Please reproduce the listing word for word. Pictures stay out.

▸ **DATA**
⁂
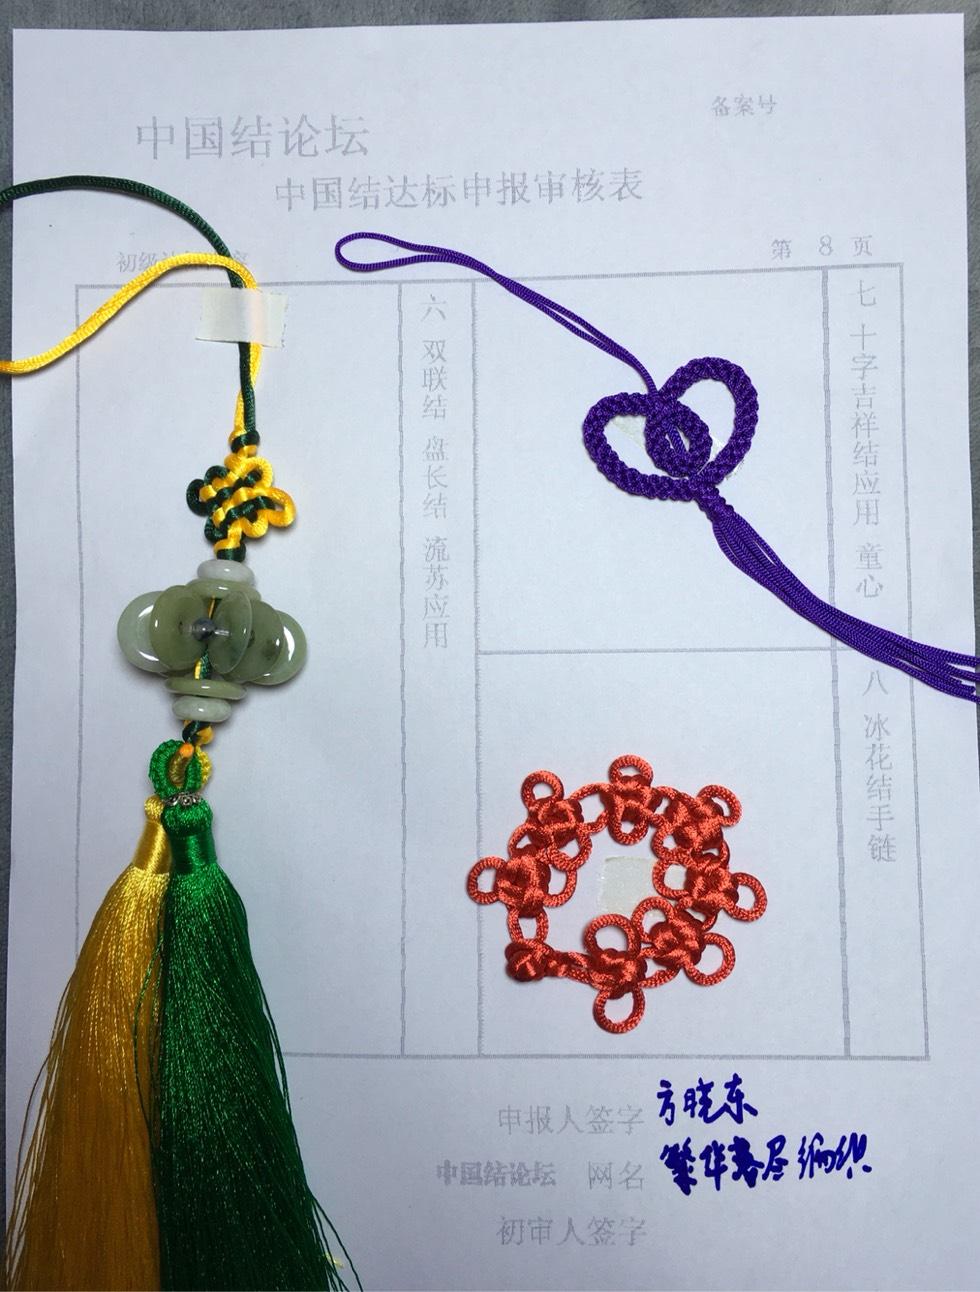 中国结论坛 繁华落尽编织初级考核申请  中国绳结艺术分级达标审核 143431xnrw2pmm0s3s0lnp
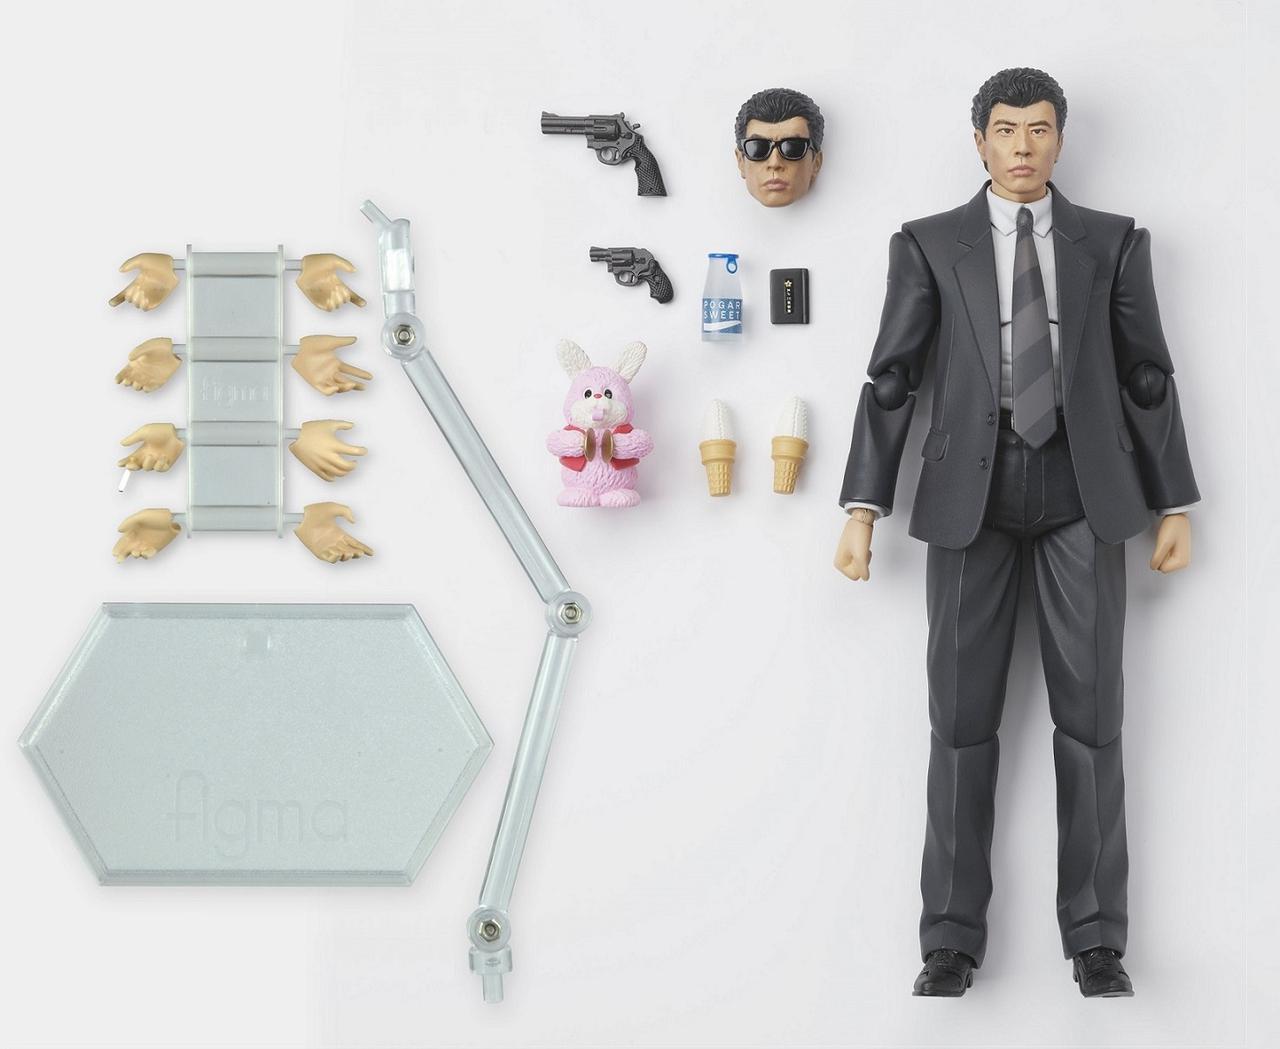 画像1: 「あぶない刑事」&「もっとあぶない刑事」、HDリマスター版Blu-rayが発売決定!タカ&ユージのフィギュアも登場
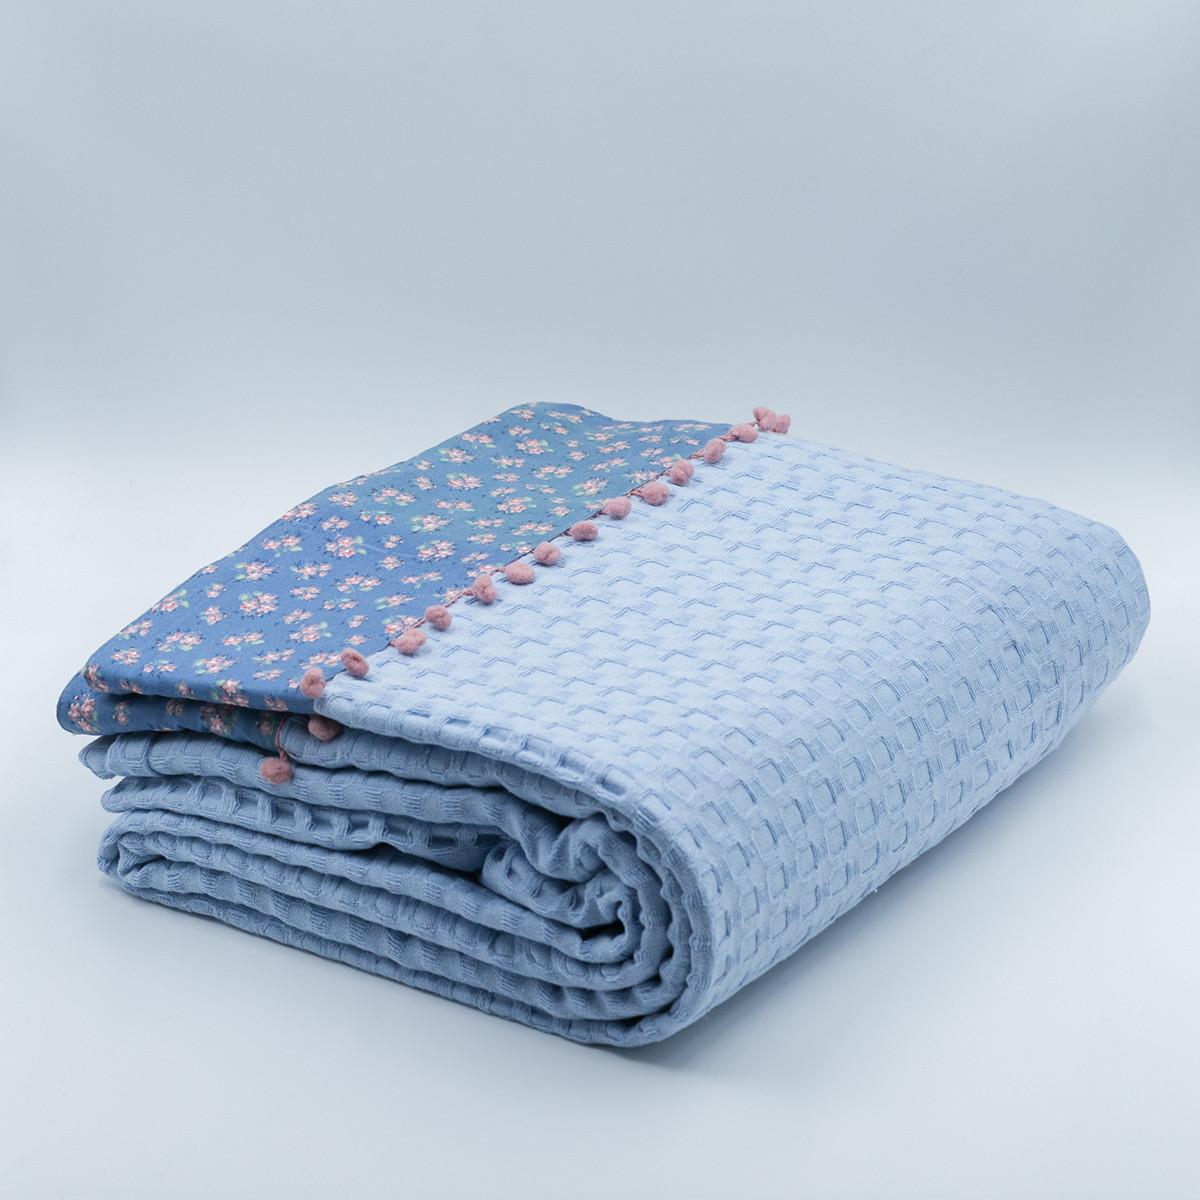 Κουβέρτες - Κουβέρτες Πικέ
⁂
▸ **EXERCISE OUTPUT**
 中国结论坛 繁华落尽编织初级考核申请  中国绳结艺术分级达标审核 143431xnrw2pmm0s3s0lnp
 画像1: 「あぶない刑事」&「もっとあぶない刑事」、HDリマスター版Blu-rayが発売決定!タカ&ユージのフィギュアも登場
 Κουβέρτες - Κουβέρτες Πικέ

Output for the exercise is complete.